Но не только одна алчность придворных и фаворитов объясняет победу австро-британского клана. Россия стояла па пороге серьезного экономического кризиса. Государственная казна пустела, но Елизавета, жаждущая придать своему двору пышность и блеск, вела напоказ до крайности роскошную жизнь и о бюджете нимало не пеклась. Она без конца переезжала то в Киев, то в Москву, то во всевозможные резиденции в окрестностях Петербурга. Ее расходы на драгоценности, платья и модные аксессуары уже успели стать легендой; каждый наряд она надевала всего единожды. И, щедрая, без счета одаривала своих фаворитов и придворных украшениями, безделушками, посудой и произведениями живописи. Приемы в императорских дворцах славились своей невообразимой роскошью.

В эти годы, с 1744-го по 1746-й, неудовлетворенность и подавленность овладели всеми слоями русского общества. Участились пожары, вызванные преступными поджогами; особенно бандитизм свирепствовал в Москве. Эпидемии и неурожаи опустошали окрестности древней столицы, где летом 1745 года вспыхнули первые бунты.
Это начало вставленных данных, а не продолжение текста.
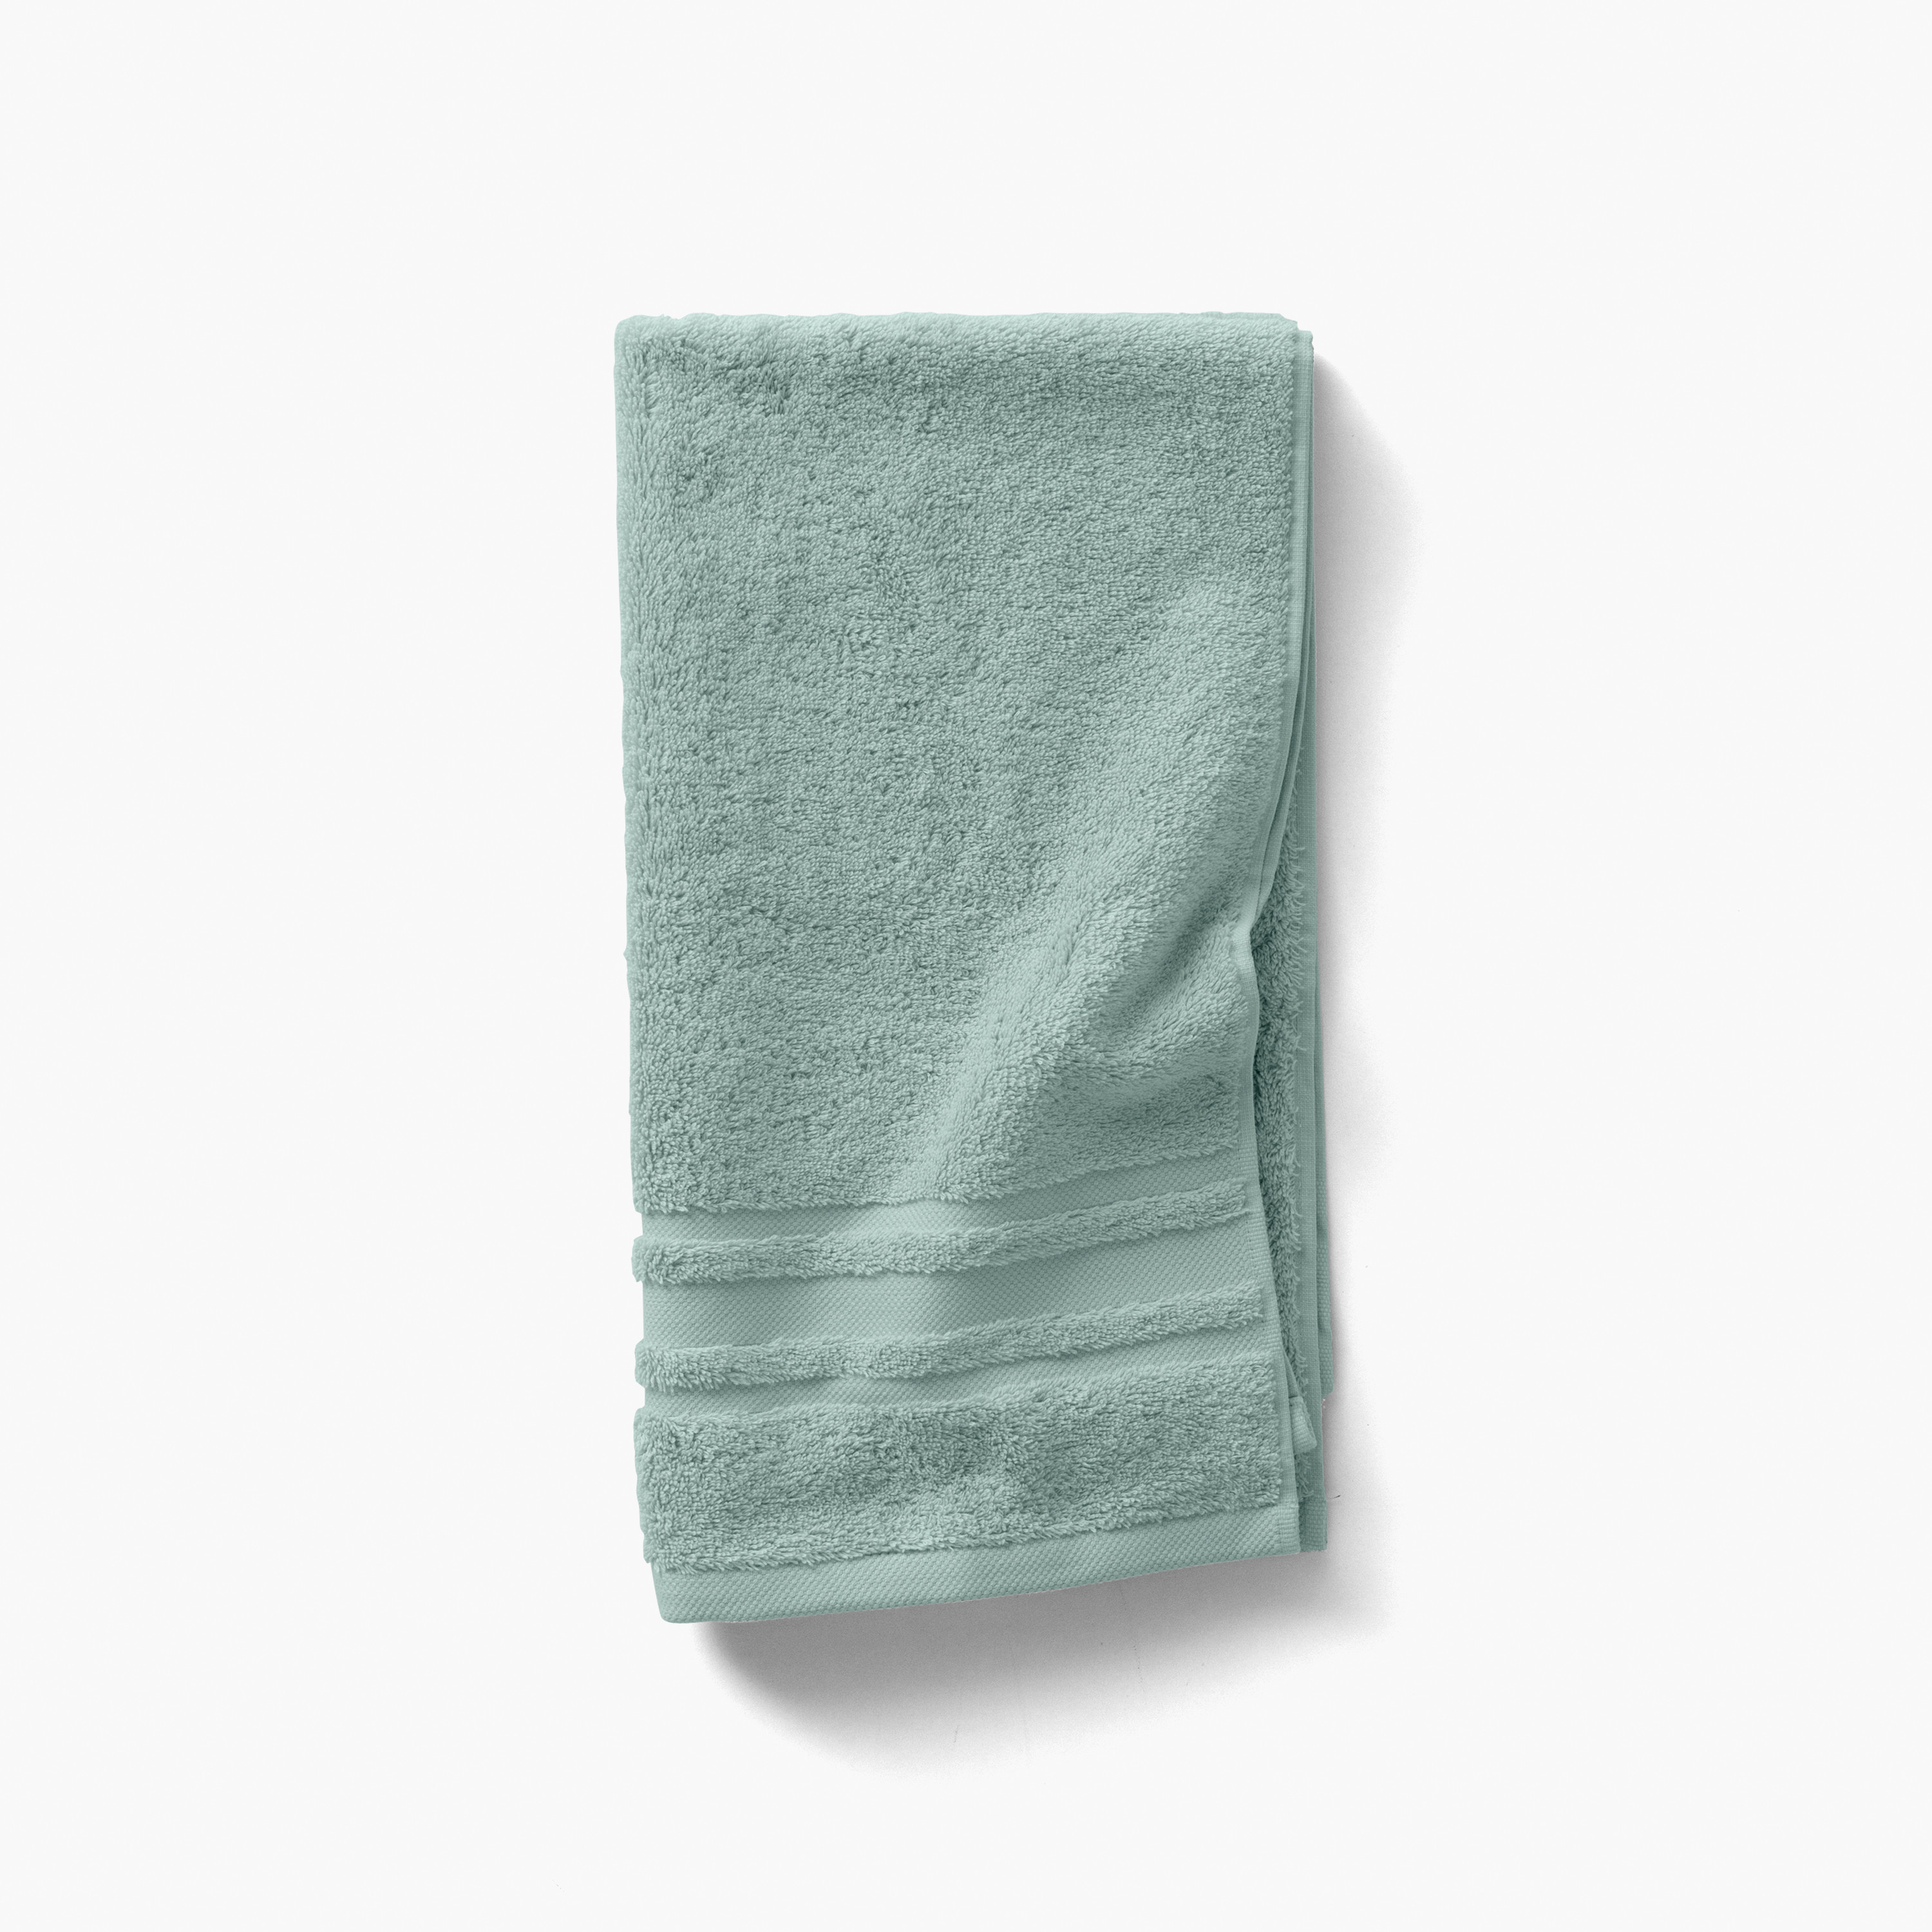 Lola II clay cotton bath towel

Даже в Петербурге снабжение продовольствием оскудело. Возникли перебои с солью. В Кронштадтском порту фрегаты, рассчитанные на 500–600 человек, не могли набрать команду: не хватало солонины. Повсюду ощущалась угроза восстания. По приказанию Елизаветы принимались энергичные, но не слишком результативные меры: собрался Сенат, созвали Синод, чтобы показать, что правительство заботится о своем народе. Тщетно! Императрица все чаще молилась на публике, но о том, чтобы реформировать государственное управление или поменять наличных политиков на более стоящих, никто и думать не желал. Придворные фавориты и выскочки, пользуясь кризисом, подстерегали моменты разорения себе подобных, приобретали их дома, земли, мебель. Так система защищала сама себя, поддерживая глухое молчание о невысказанном. По мере того как повседневность становилась все тяжелее, народ стал обращать свои взоры на свергнутого маленького царя Ивана, растущего в отдаленной провинции. Ребенок, не испорченный опытом власти, стал надеждой простонародья и козырем старомосковской знати, жаждущей возродить Боярскую думу со всеми се привилегиями.

Множились катастрофические вести. Военная коллегия была в полном дефиците, за Адмиралтейством уже числилось 50 000 рублей долга. Офицерам больше не выплачивали жалованье. Вскоре царица уже не могла оплачивать свои наряды и драгоценности; тогда она решила ограничить траты на внутренний обиход дворца. Уменьшить число приемов не пожелала, но расходы на них снизились. Императорский дворец теперь славился своим плохим столом: блюда самые заурядные, пресные, вина дрянные. Зато отдельные богачи подавали на свой стол устриц, оливки, каперсы, французские вина, шампанское… и могли рассчитывать, что среди гостей увидят кого-либо из придворных или даже из императорской семьи.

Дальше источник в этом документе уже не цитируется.